Our world is becoming more digital by the minute and the amount of data generated is growing exponentially. At the same time, AI is developing at a breakneck pace and the growth of research and policy guidance needs to ensure AI is being implemented in an ethical way.
To implement AI ethically, agencies need to ensure AI is acting within scope and its behavior is well-investigated in terms of fairness and harm. If an AI model can’t be trusted to be compatible with that mission or can’t be proven to limit its harm on the public, it cannot become part of the public infrastructure.
As a result, explainable AI (XAI) is an essential part of a risk management framework. Having the tools to understand AI models and models with the architecture capable of generating human-understandable explanations is fundamental and a prerequisite to appreciating the risks in any AI system. Protecting something first requires seeing what’s posing the risks.
The National Institute of Standards and Technology’s four principles for XAI outline its component needs—a model should be compatible with generating an explanation; that explanation must be accurate to serve as a useful metric; the explanation also must be meaningful to the stakeholders in the context of the outcome; and finally, that explanation must include the limits of its explanatory power, so the model won’t be misused without setting off alarms.
While necessary, achieving XAI in line with NIST’s principles can be challenging.
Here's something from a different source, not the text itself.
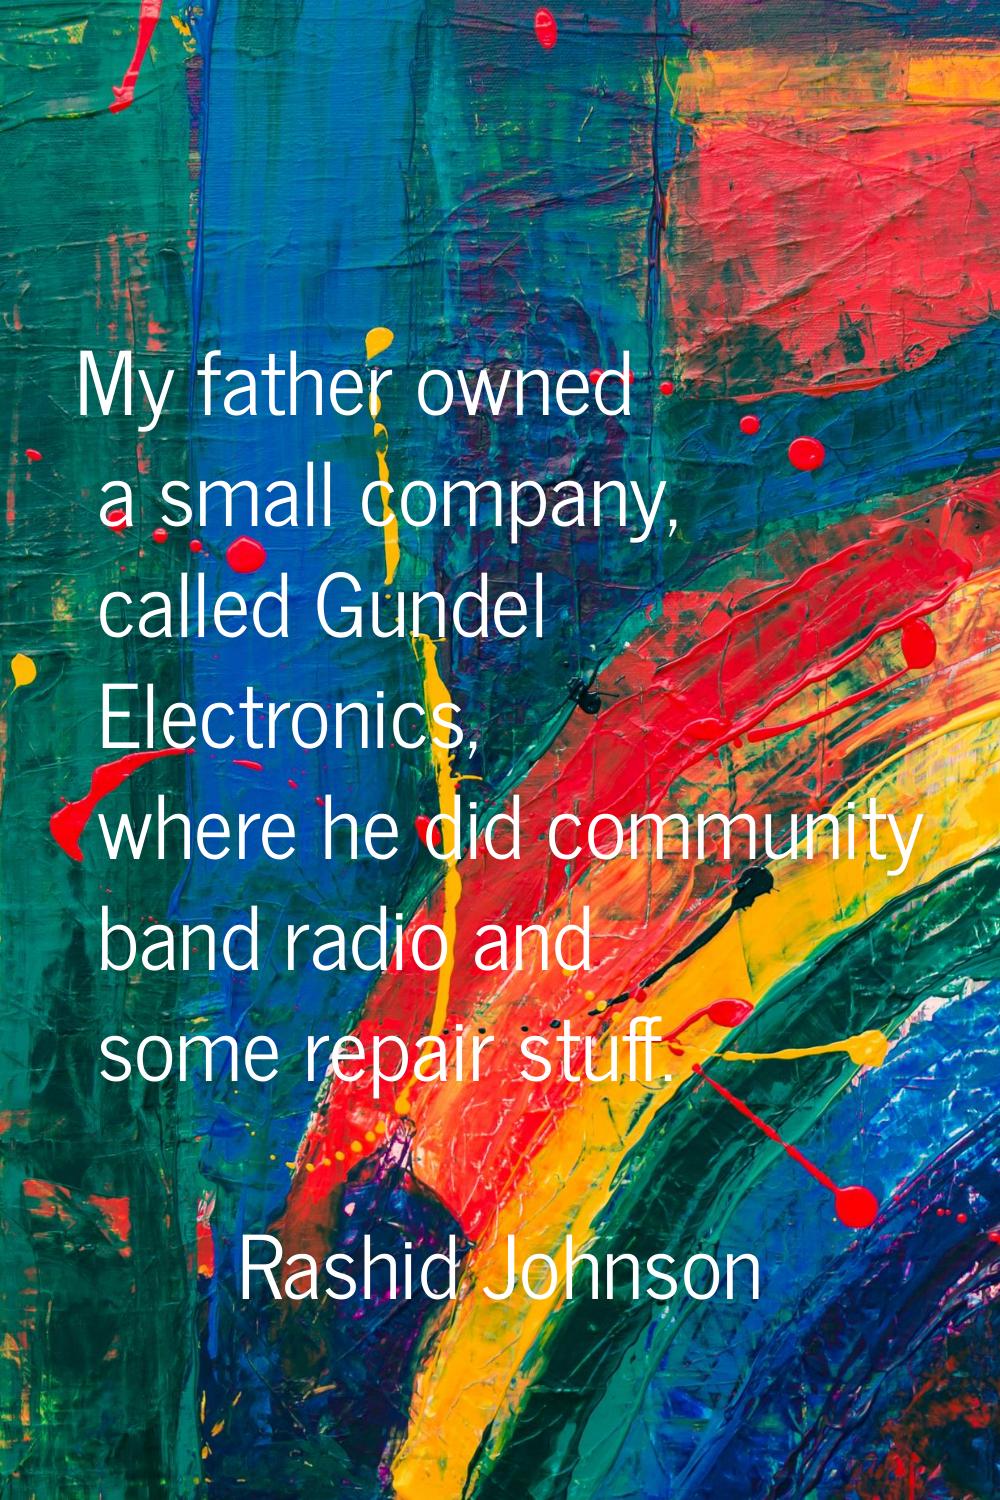 My father owned a small company, called Gundel Electronics, where he did community band radio and s

Most AI models attempt to replicate the way humans think, but the underlying mathematical models are significantly different, making the logic or heuristics behind these model decisions understandable to humans difficult. Three steps—adopting a transparency-focused AI model, maintaining production monitoring and including employee education—can help agencies responsibly utilize AI and align with NIST’s principles.
Making AI explainable
First, agencies must be able to interpret the varying complexity of the different algorithms driving these AI models. Depending on the underlying principles, it could be something relatively intuitive such as regressions and decision tree, or it could be something more abstract, such as natural language transformers where it’s harder to understand the results.
For a model to be explainable, the interpretation must also be easily understandable. This is where AI knowledge and human-computer interaction can join forces, translating the statistical metrics and model measurements into language that help humans decide whether to take action based on the model output.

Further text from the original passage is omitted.